Parfois Abou Tartour, toujours dissimulé dans son coin, en haut de l’escalier, guettait la jeune fille qui montait du premier au second pour rapporter le linge propre de ces jeunes gens ou bien prendre leur linge sale. Il surgissait comme par hasard, et accompagnait la jeune fille sans qu’on pût le voir ni l’entendre, ni déceler sa présence. À peine entrait-elle chez l’étudiant qu’il lui donnait l’idée d’une œillade à lancer, d’un mot à prononcer, mettait un sourire sur ses lèvres, ou le poussait à esquisser un geste.
Lorsque la jeune fille s’en allait, Abou Tartour disparaissait avec elle, sans être vu, ni entendu, ni soupçonné. Mais il avait fasciné la victime et pourrait, durant la nuit, venir tourmenter son sommeil. Parfois Abou Tartour déployait une singulière astuce, avec un luxe inouï de ruses : il ne s’imposait pas de grimper jusqu’en haut de l’escalier, mais se contentait de se tapir à l’étage inférieur, se mêlant à ces femmes qui se disputaient, riaient bruyamment, ou parlaient fort, et formaient en tout cas un concert des plus variés. Abou Tartour avait l’art d’imiter une des intonations, ou un des bruits, si bien qu’on pouvait hésiter sur leur véritable attribution, féminine ou démoniaque. Quoi qu’il en soit, il atteignait à son gré un jeune homme, à l’étage au-dessus, et ne le quittait pas avant de lui avoir soufflé des idées pernicieuses, qui auraient des répercussions au milieu de la nuit, lorsque tout le monde serait plongé dans le sommeil.
Ainsi l’existence des étudiants, dans cette maison comme à el Azhar, n’était pas toujours pure ; ils ne s’occupaient pas que de science. Il en était de même pour l’enfant. Abou Tartour était là pour se joindre à eux et tourmenter leur vie par cette succession de détentes et de dégoûts. Dans les entretiens qu’il entendait, l’enfant trouvait matière à méditer.
» (pp. 190-193)

Le livre des jours se savoure comme une tranche d’humanité, livrée sans boufissure aucune, telle une effusion que seule freine une réserve pleine de dignité.

(1) Cet ami, Ali El-Kady, a lui-même écrit un livre racontant sa jeunesse, L’envol des souvenirs ou les années du devenir, un livre plein de charmes, de poésie et de tendresse, et qui, à certains égards, n’est pas sans rappeler le récit de Taha Hussein. L’édition est hélas emplie de coquilles, mais on supporte ce défaut, tant le témoignage fourni est émouvant. Il est possible de se procurer cet ouvrage ici.

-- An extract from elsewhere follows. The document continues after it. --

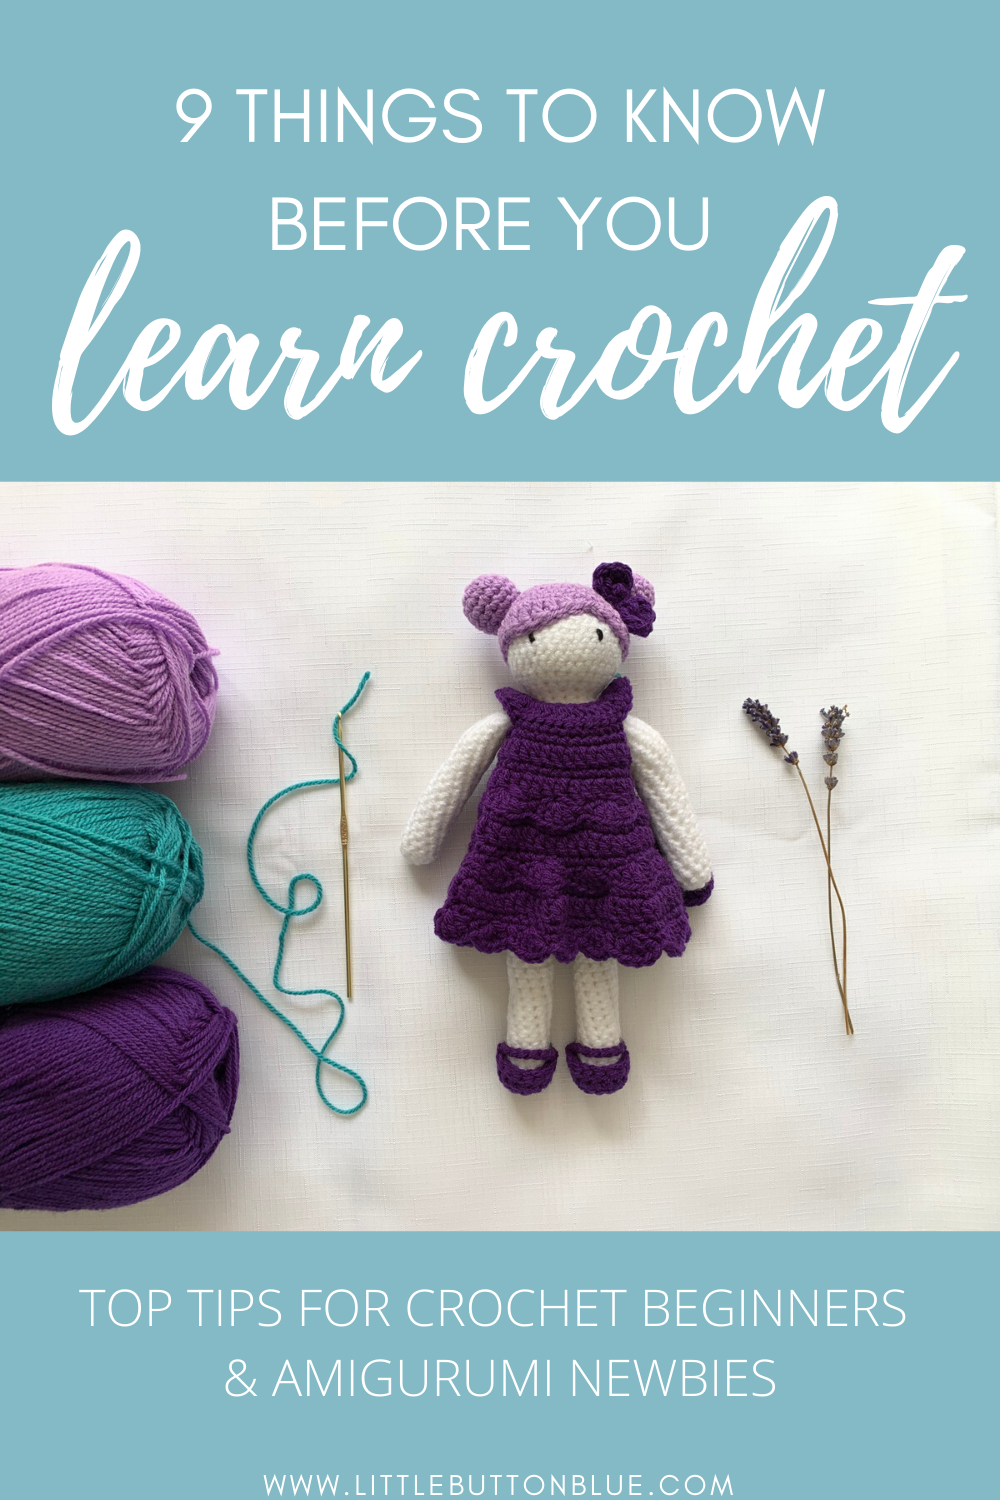 9 things to know before you learn crochet. Top tips for crochet beginners and amigurumi newbies.

(2) Taha Hussein, Le livre des jours, trad. de Jean Lecerf et Gaston Wiet, Gallimard, coll. “L’imaginaire”, 1947.
(3) La suite de ce témoignage figure dans La traversée intérieure (Gallimard, 1992).
(4) La préface de Gide date de février 1947. Elle trahit bien ce que celui-ci avait de prétentieux, voire de suffisant (n’y parle-t-il pas de lassantes lenteurs (p. 11) ?)
(5) Plus énigmatique, plus déroutante est la place du narrateur dans l’adresse à sa fille. Jugez-en : sa fille fond en larmes à l’écoute de l’histoire d’Œdipe-Roi (Taha Hussein a traduit Sophocle) et... « Alors ta mère comprit, et ton père, et moi aussi, que, si tu pleurais en pensant à “Œdipe-Roi”, c’est parce qu’il était aveugle [...]. » (p. 110)
(6) Selon l’appellation française actuelle : al-Azhar.